Find the line with "M&M Cookies +" in the data below. Repeat it and every line after it exactly, but not the pictures.

**INFORMATION SHOWN**
########
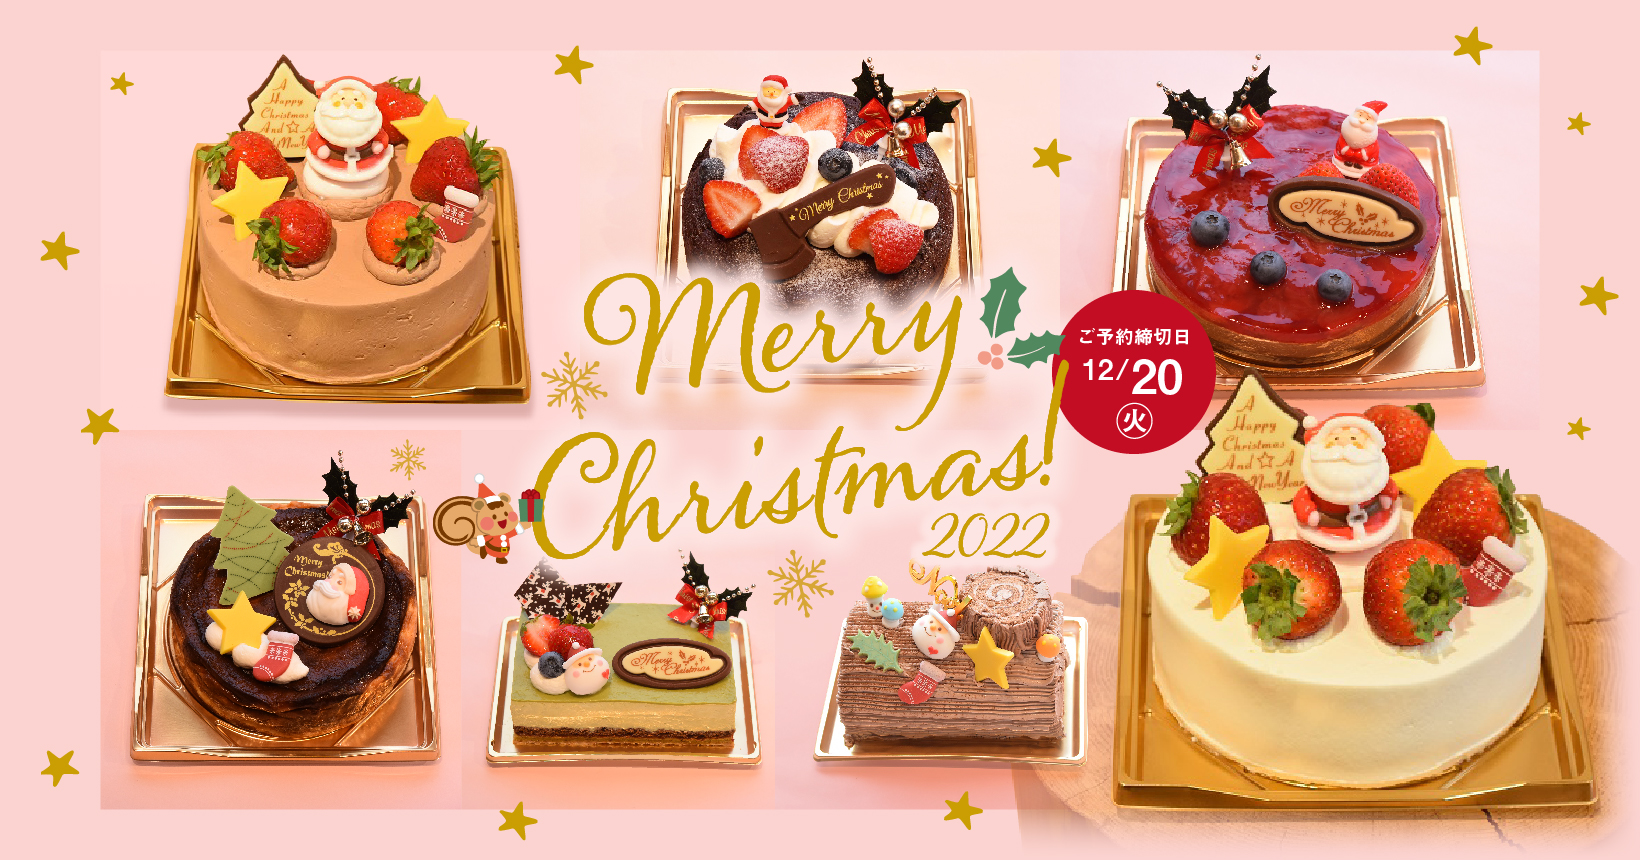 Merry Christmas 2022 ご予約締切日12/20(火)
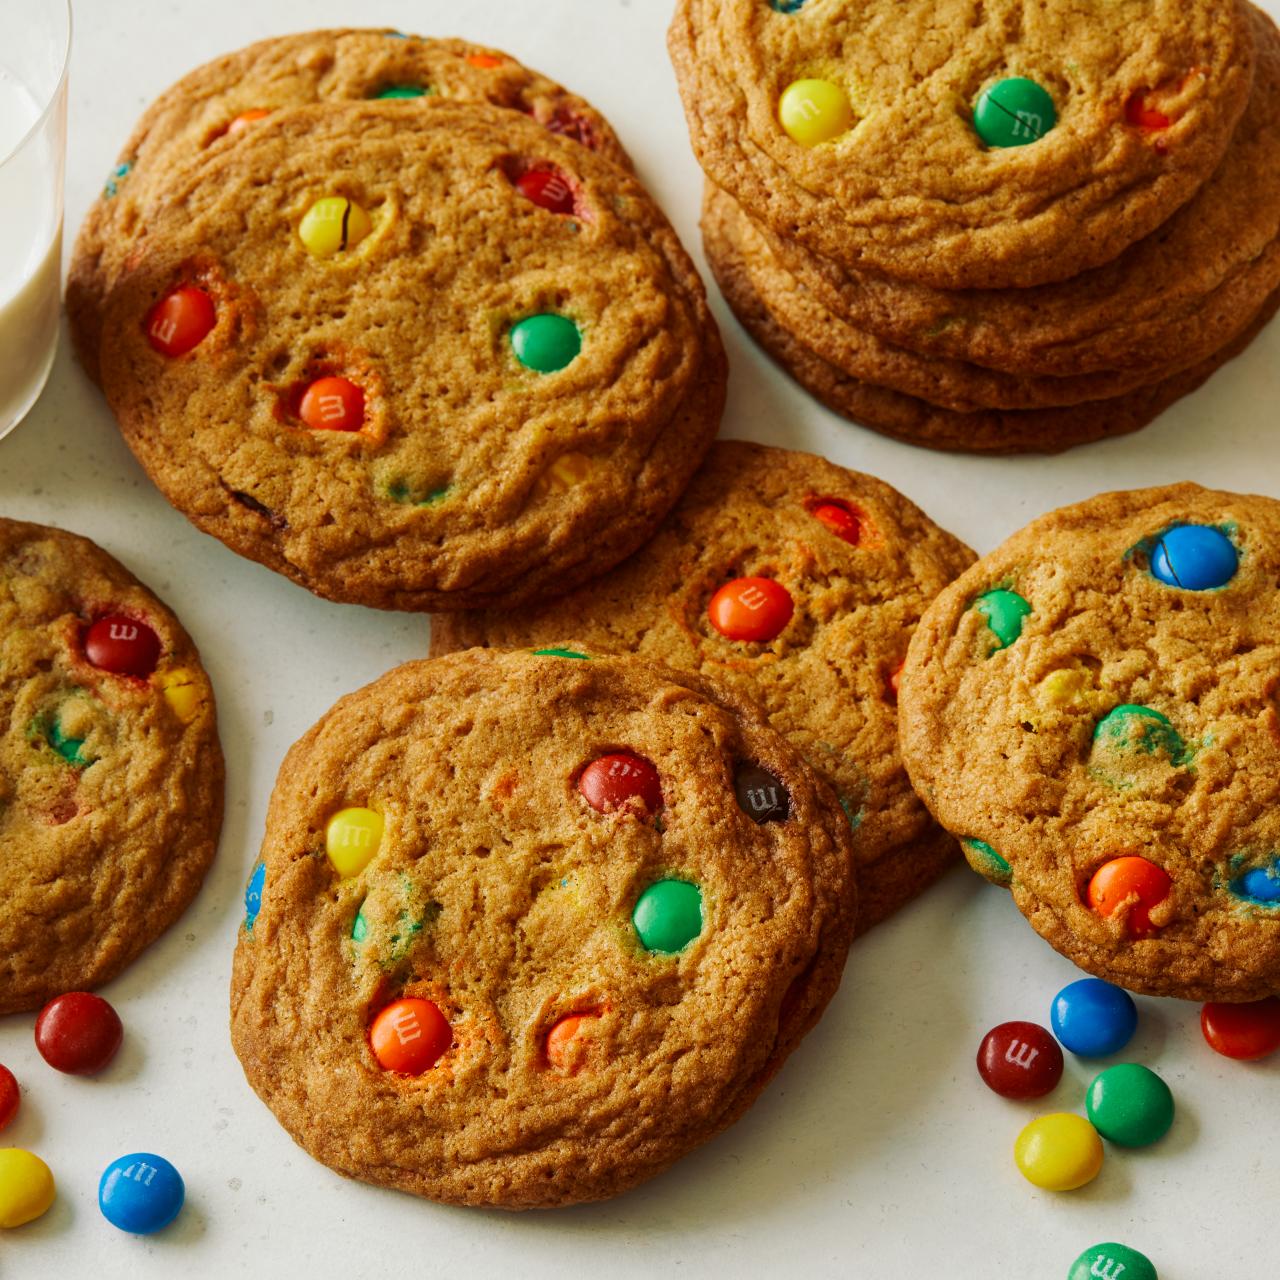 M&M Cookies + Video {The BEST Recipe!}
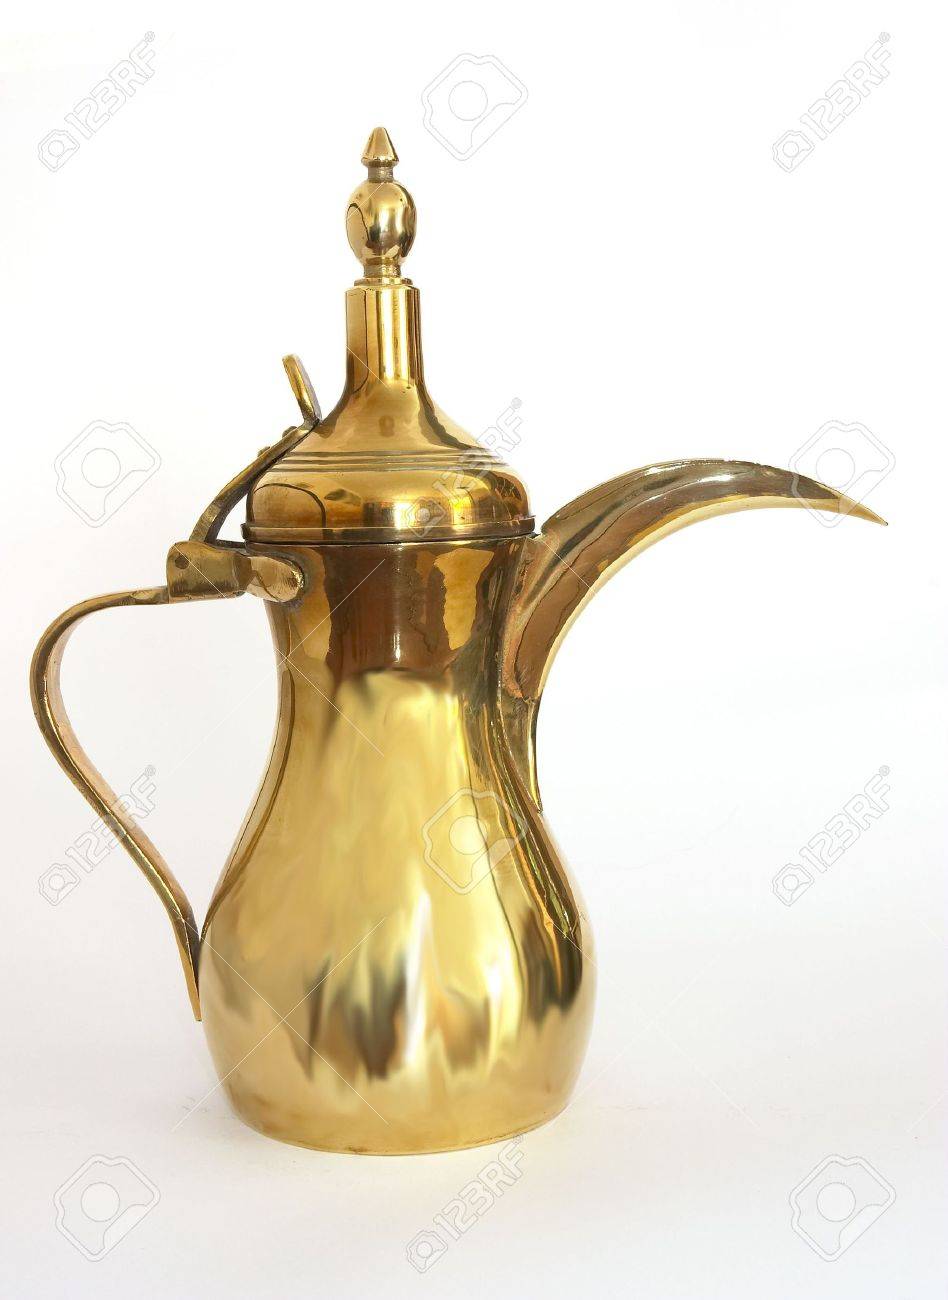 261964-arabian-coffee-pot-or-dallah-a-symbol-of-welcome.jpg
########
**EXERCISE OUTPUT**
 M&M Cookies + Video {The BEST Recipe!}
 261964-arabian-coffee-pot-or-dallah-a-symbol-of-welcome.jpg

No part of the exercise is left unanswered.